WHAT YOU WILL DO
What is needed is a faithful transcription of all the data below, pictures excluded.

DATASET EXCERPT

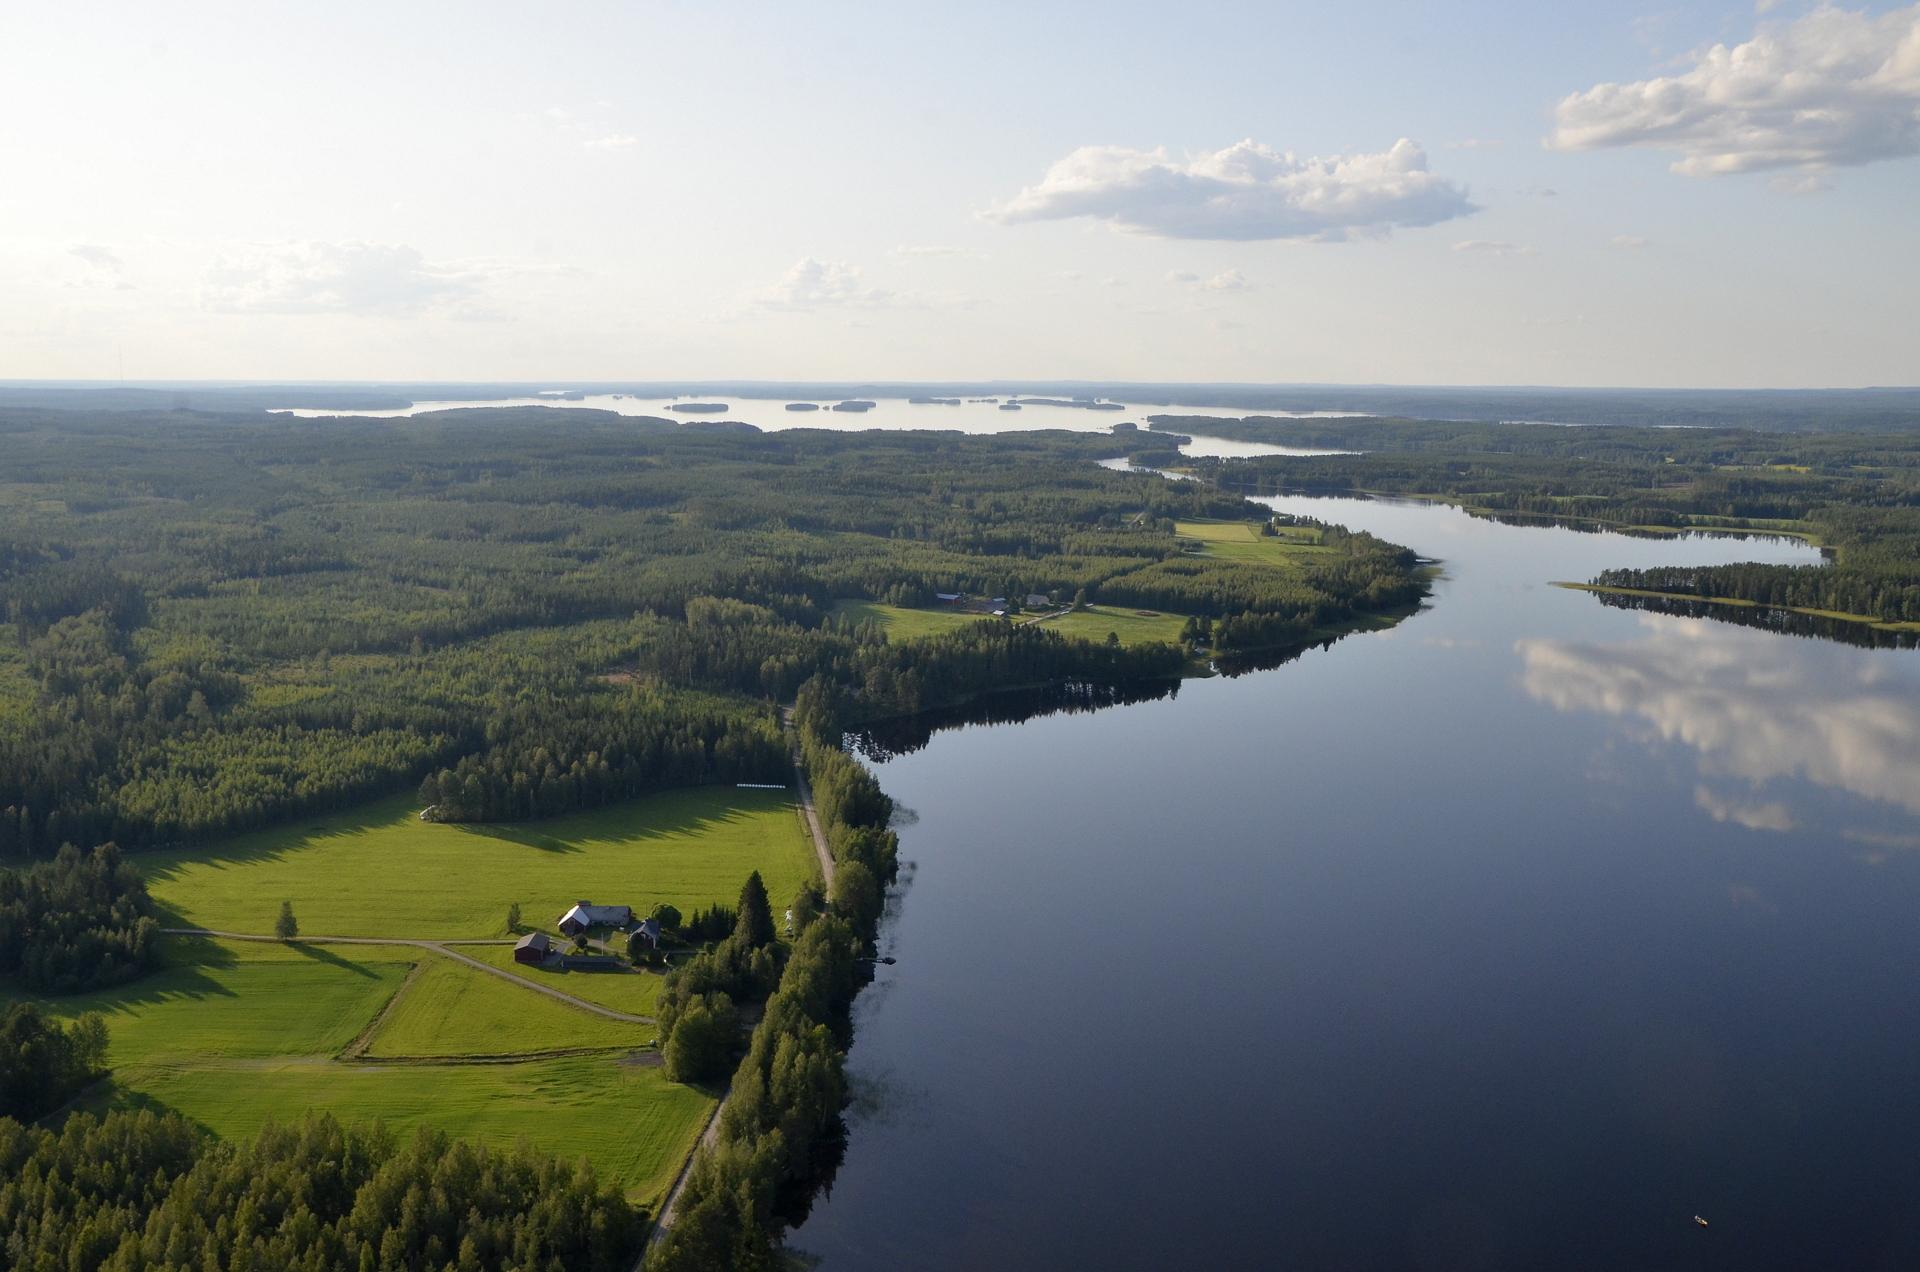 Lähimpänä Koliman Autionselkä ja vasemmalla Rantala.
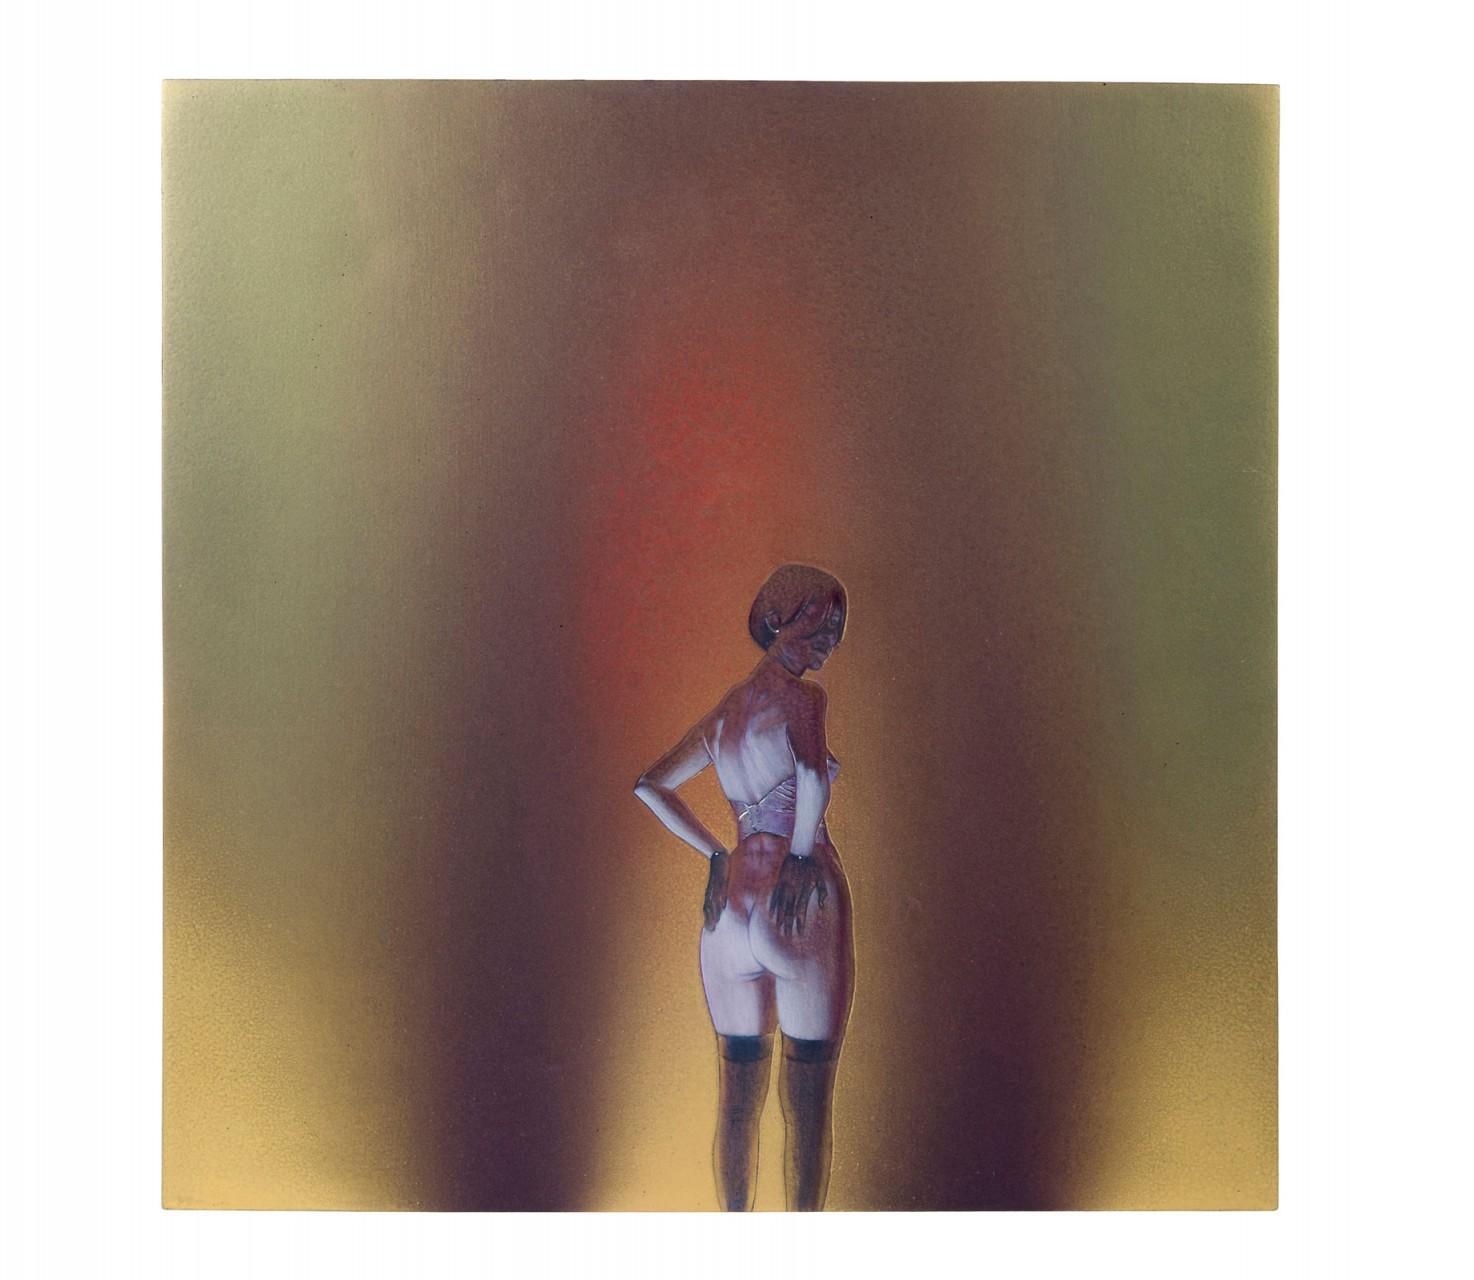 tre perle per T (quarta versione)  2010 - cm 50,5x61 - colori acrilici
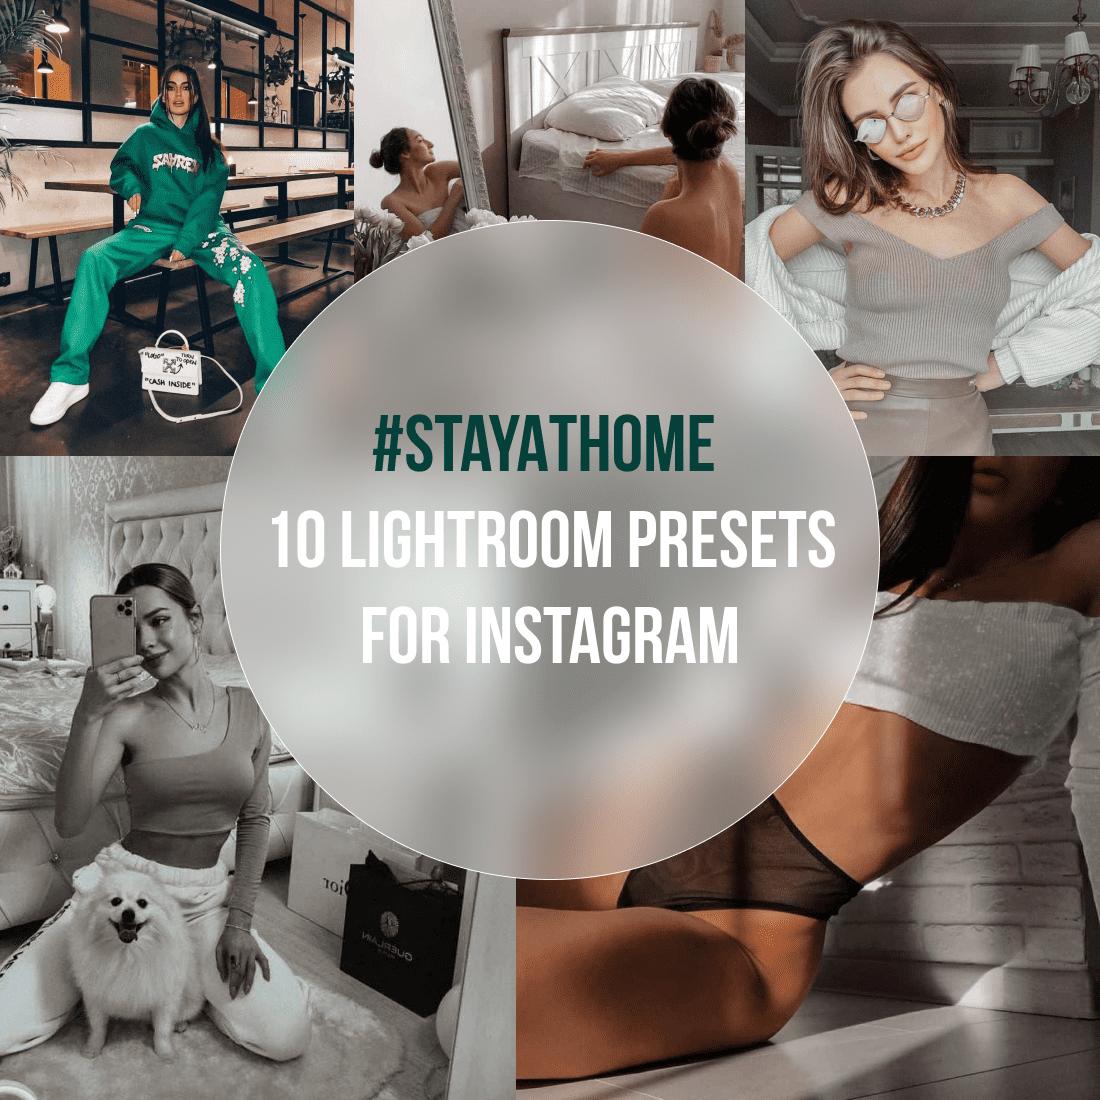 #StayAtHome 10 Lightroom Presets for Instagram.

SOLUTION TO THIS EXERCISE
 Lähimpänä Koliman Autionselkä ja vasemmalla Rantala.
 tre perle per T (quarta versione)  2010 - cm 50,5x61 - colori acrilici
 #StayAtHome 10 Lightroom Presets for Instagram.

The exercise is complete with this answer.